Don’t get me wrong, in terms of jobs, learning to “act middle class” was definitely the most financially valuable thing I learned at Cambridge – even writing this I use vocabulary unheard at home or at school, and studies show that employers choose those who are well travelled, well-connected, articulate and well-mannered over those who are more qualified to do the job at hand.
Don’t shove us away together – engage with us. In order for universities to become attractive places for working-class people who might not see the benefit of attending them, institutions need to truly engage with our actual realities and connected needs: proper financial aid which continues through holidays and breaks; helpful forums where our needs are genuinely engaged with and funding to set these up ourselves; school and college outreach that actually makes sense; a platform upon which to be heard, and not shamed, in matters of class and experience; sponsorship that doesn't require us to praise at the altar of Mr. Dreadful White-Alumnus once a term.
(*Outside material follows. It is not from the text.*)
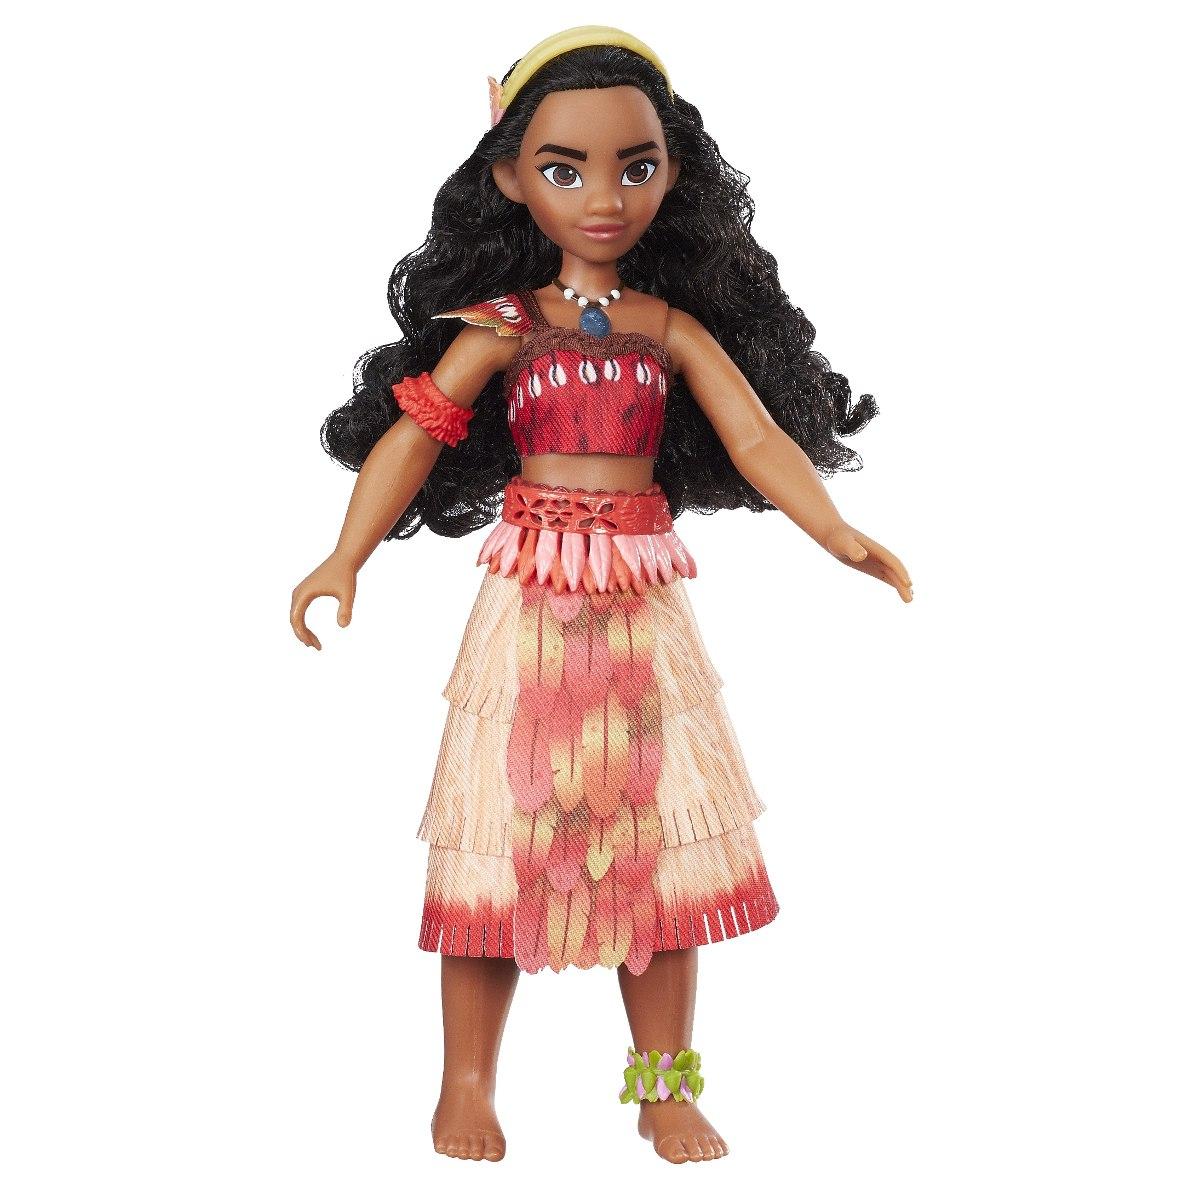 Boneca Disney Princesa Moana Cantora – 25 cm - Hasbro  - Doce Diversão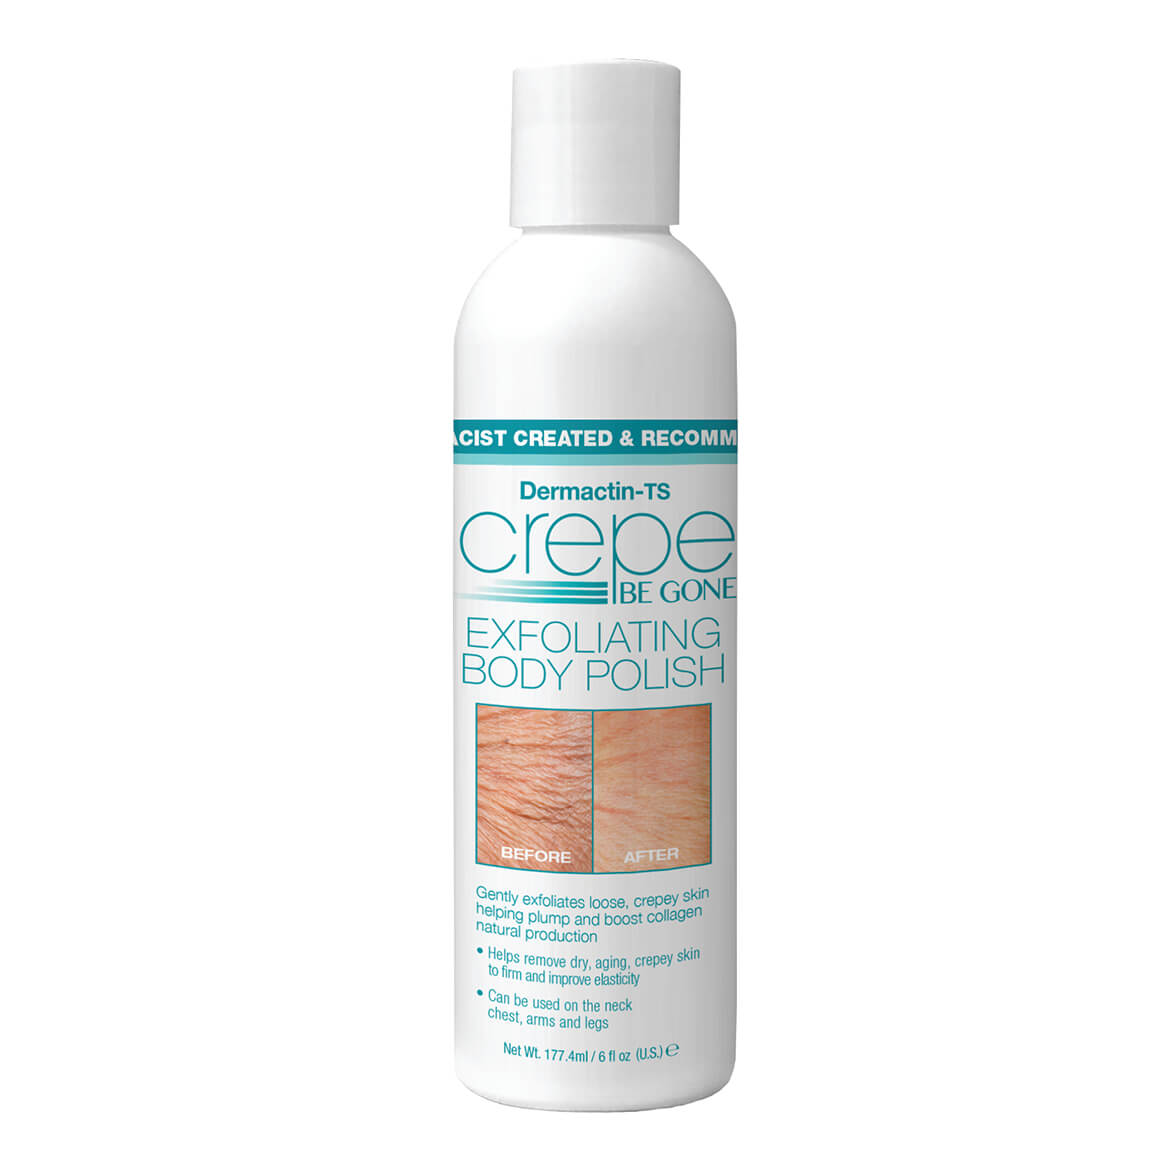 Crepe Be Gone Exfoliating Body Polish 6 oz.-366727

We need conversations where our background is not treated like an affliction to be cured, but instead celebrated and validated as rich, full and worthy of a seat at a black tie dinner table, or any table for that matter.
Looking back on my time at Cambridge, I wish I’d had the bravery to speak up and out about the realities and differences I experienced growing up. But that, too, takes a lot of energy and self-confidence — something rarely prioritised in a schoolyard where rocks are hurled at you because you’re gay, and a geek, and your parents work to the bone to support a family of six. Instead, the labour must come from others, the ones who don’t have to worry about having the money to make it to the next meal, the ones who spout the Marxist manifesto verbatim and patronise the cashier in the canteen.